CFI produced an injunction restraining the defendants from exhibiting the film in
question in their theater during the period specified in the contract of Cuddy with
Gilchrist
ISSUES:
1) Whether the injunction was properly granted
2) Whether Cuddy is liable for damages to Gilchrist

HELD:
1) Yes. It is of the opinion that the circumstances justified the issuance of that
injunction in the discretion of the court.
Ratio:
Gilchrist was facing the immediate prospect of diminished profits by reason of the fact
that the appellants had induced Cuddy to rent to them the film Gilchrist had counted
upon as his feature film. It is quite apparent that to estimate with any degree of accuracy
the damages which Gilchrist would likely suffer from such an event would be quite
difficult if not impossible. If he allowed the appellants to exhibit the film in Iloilo, it would
be useless for him to exhibit it again, as the desire of the public to witness the
production would have been already satisfied. In this extremity, the appellee applied for
and was granted, as we have indicated, a mandatory injunction against Cuddy requiring
him to deliver the Zigomar to Gilchrist, and a preliminary injunction against the
appellants restraining them from exhibiting that film in their theater during the week he
(Gilchrist) had a right to exhibit it. These injunctions saved the plaintiff harmless from
damages due to the unwarranted interference of the defendants, as well as the difficult
task which would have been set for the court of estimating them in case the appellants
had been allowed to carry out their illegal plans. As to whether or not the mandatory
injunction should have been issued, we are not, as we have said, called upon to
determine.
2) Yes. Cuddy is liable for damages to Gilchrist.
Ratio:
Although the defendants did not, at the time their contract was made, know the identity
of the plaintiff as the person holding the prior contract but did know of the existence of a
contract in favor of someone. In the case at bar the only motive for the interference with
the Gilchrist - Cuddy contract on the part of the appellants was a desire to make a profit
by exhibiting the film in their theater. There was no malice beyond this desire; but this
fact does not relieve them of the legal liability for interfering with that contract and
causing its breach. It is, therefore, clear, under the above authorities, that they were
liable to Gilchrist for the damages caused by their acts, unless they are relieved from
such liability by reason of the fact that they did not know at the time the identity of the
original lessee (Gilchrist) of the film.
Article 1902 of that code provides that a person who, by act or omission, causes
damages to another when there is fault or negligence, shall be obliged to repair
the damage do done. There is nothing in this article which requires as a condition
precedent to the liability of a tort-feasor that he must know the identity of a
person to whom he causes damages. In fact, the chapter wherein this article is
found clearly shows that no such knowledge is required in order that the injured
party may recover for the damage suffered.
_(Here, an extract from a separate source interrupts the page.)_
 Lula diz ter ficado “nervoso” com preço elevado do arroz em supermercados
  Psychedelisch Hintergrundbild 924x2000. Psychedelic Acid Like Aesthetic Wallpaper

One who buys something which he knows has been sold to some other person can be
restrained from using that thing to the prejudice of the person having the prior and better
right.
Chief Justice Wells:"Everyone has a right to enjoy the fruits and advantages of
his own enterprise, industry, skill and credit. He has no right to be free from
malicious and wanton interference, disturbance or annoyance. If disturbance or
loss comes as a result of competition or the exercise of like rights by others, it is
damnum absque injuria, unless some superior right by contract or otherwise is
interfered with
"One who wrongfully interferes in a contract between others, and, for the purpose
of gain to himself induces one of the parties to break it, is liable to the party
injured thereby; and his continued interference may be ground for an injunction
where the injuries resulting will be irreparable."